▸ **WHAT THE EXERCISE ASKS**: The entire listing below is to be written out exactly, minus the pictures.

▸ **COLLECTED MATERIAL**:
════

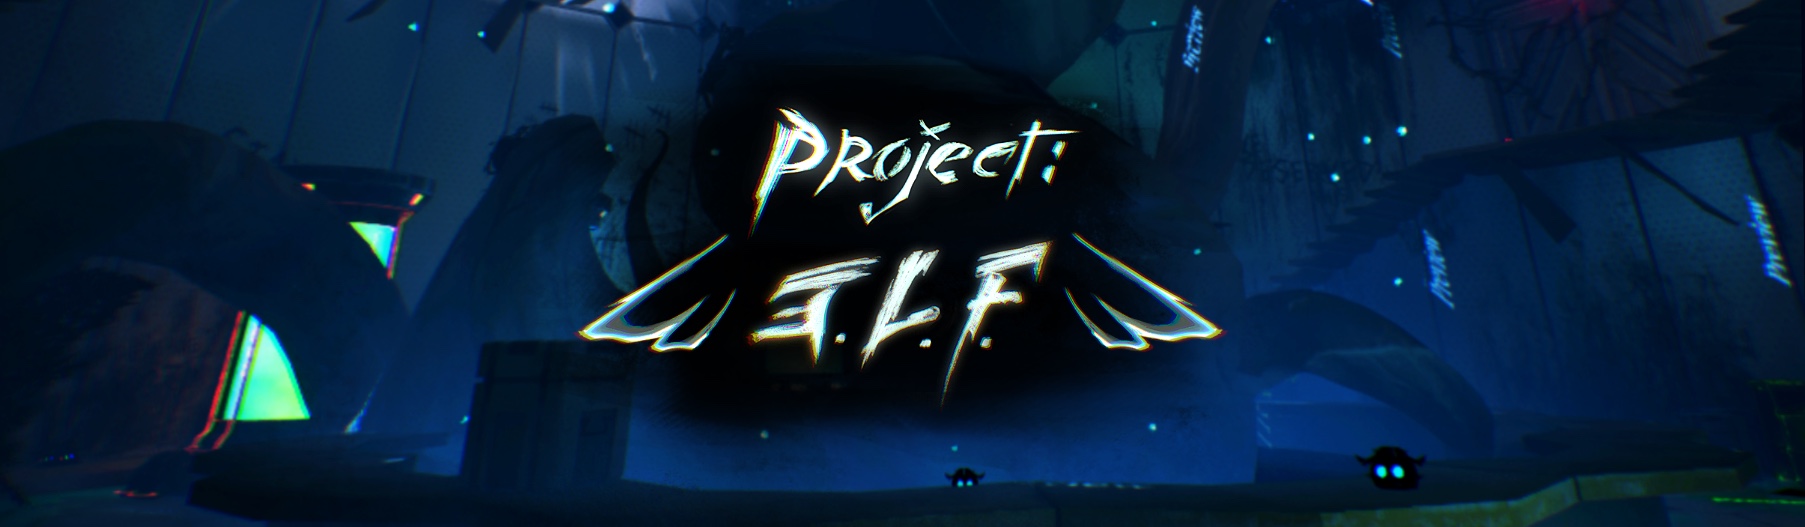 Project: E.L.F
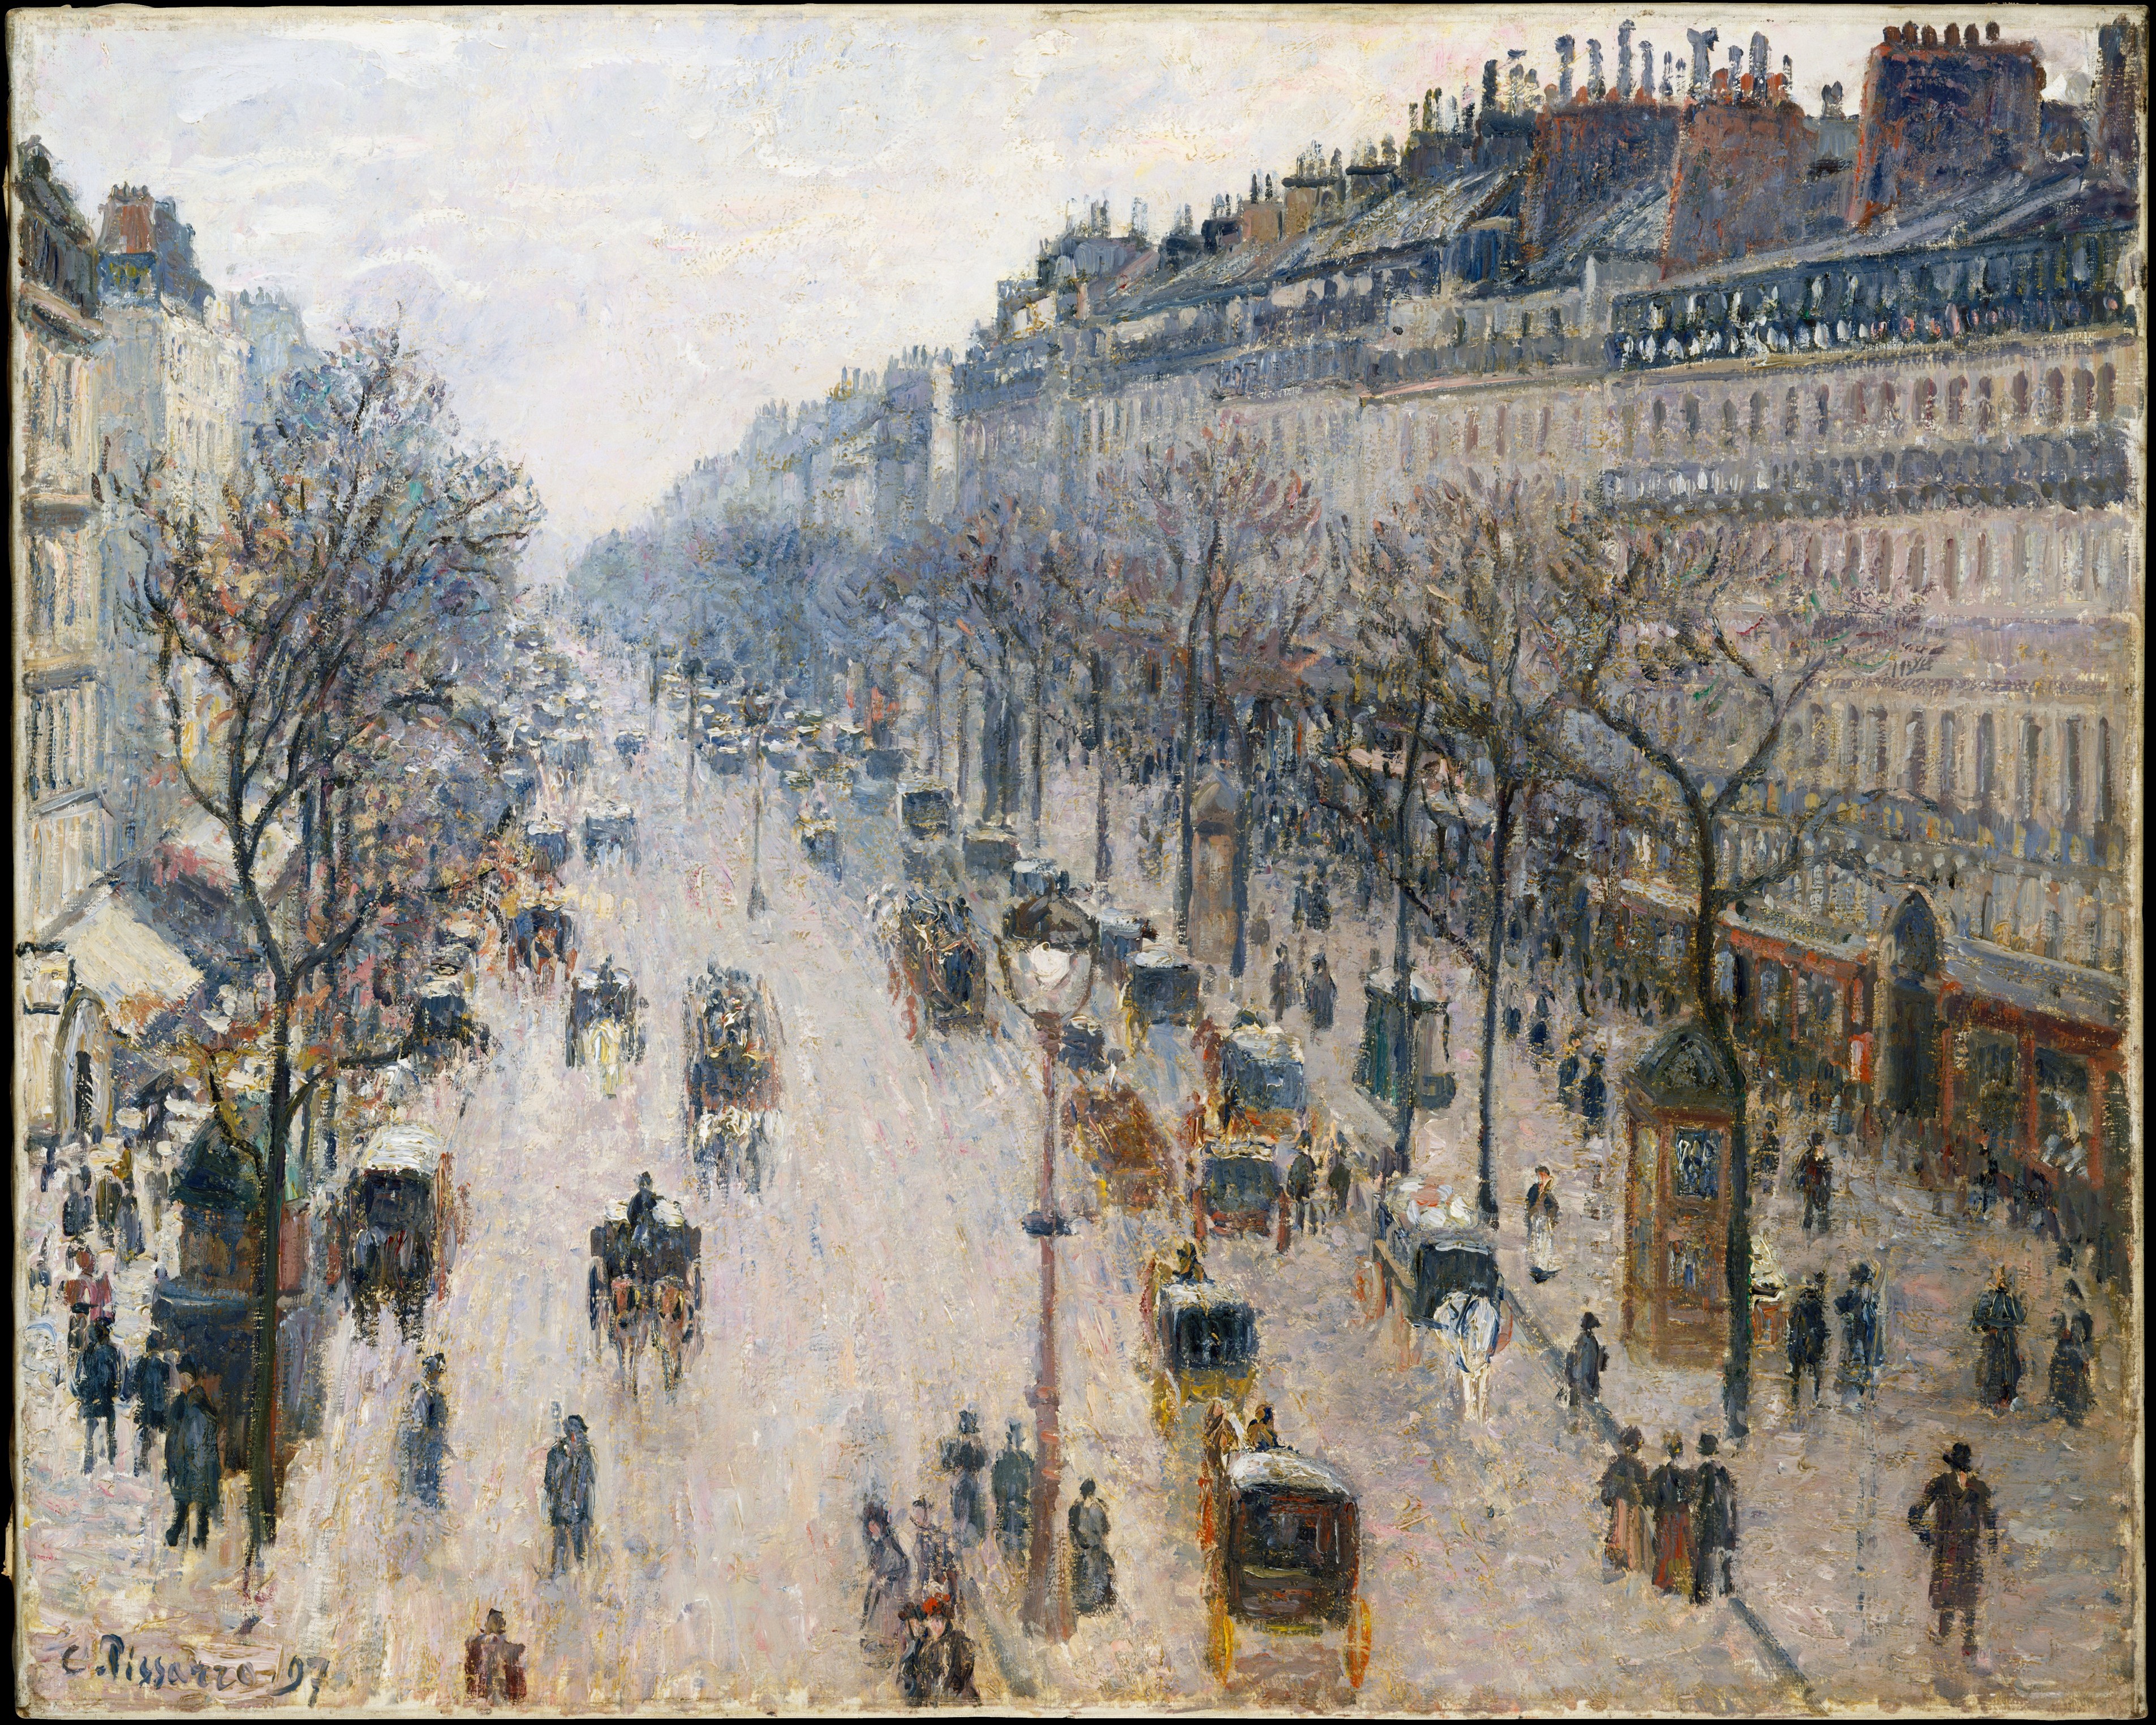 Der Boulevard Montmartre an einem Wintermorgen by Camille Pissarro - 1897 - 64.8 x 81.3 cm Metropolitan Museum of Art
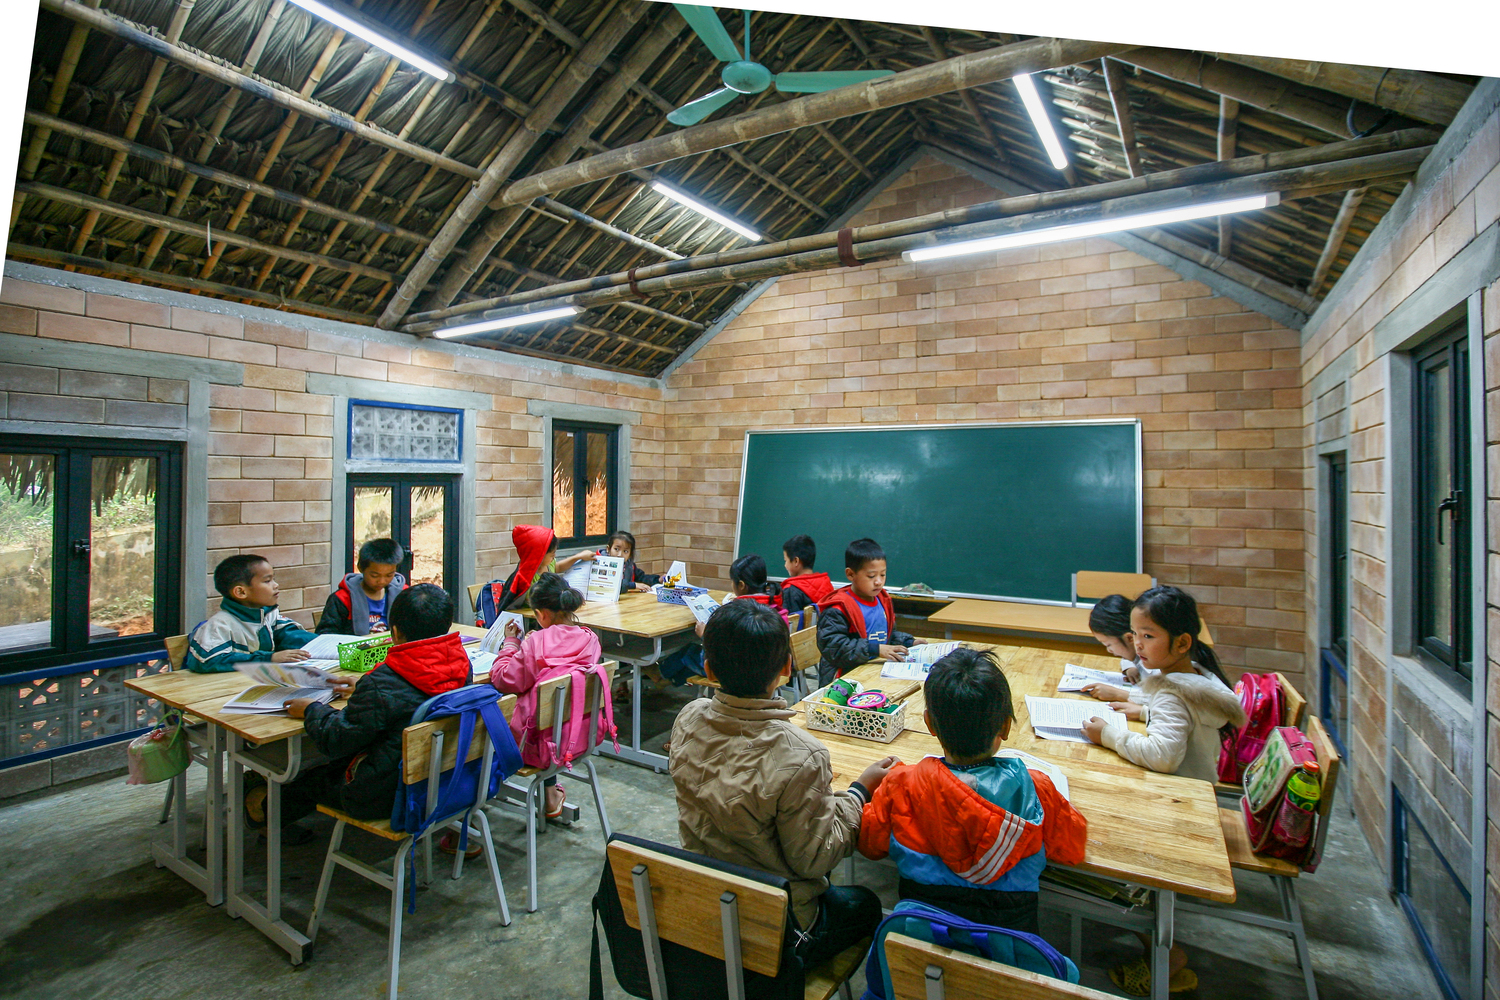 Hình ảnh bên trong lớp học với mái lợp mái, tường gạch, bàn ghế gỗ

════

▸ **EXERCISE OUTPUT**:
 Project: E.L.F
 Der Boulevard Montmartre an einem Wintermorgen by Camille Pissarro - 1897 - 64.8 x 81.3 cm Metropolitan Museum of Art
 Hình ảnh bên trong lớp học với mái lợp mái, tường gạch, bàn ghế gỗ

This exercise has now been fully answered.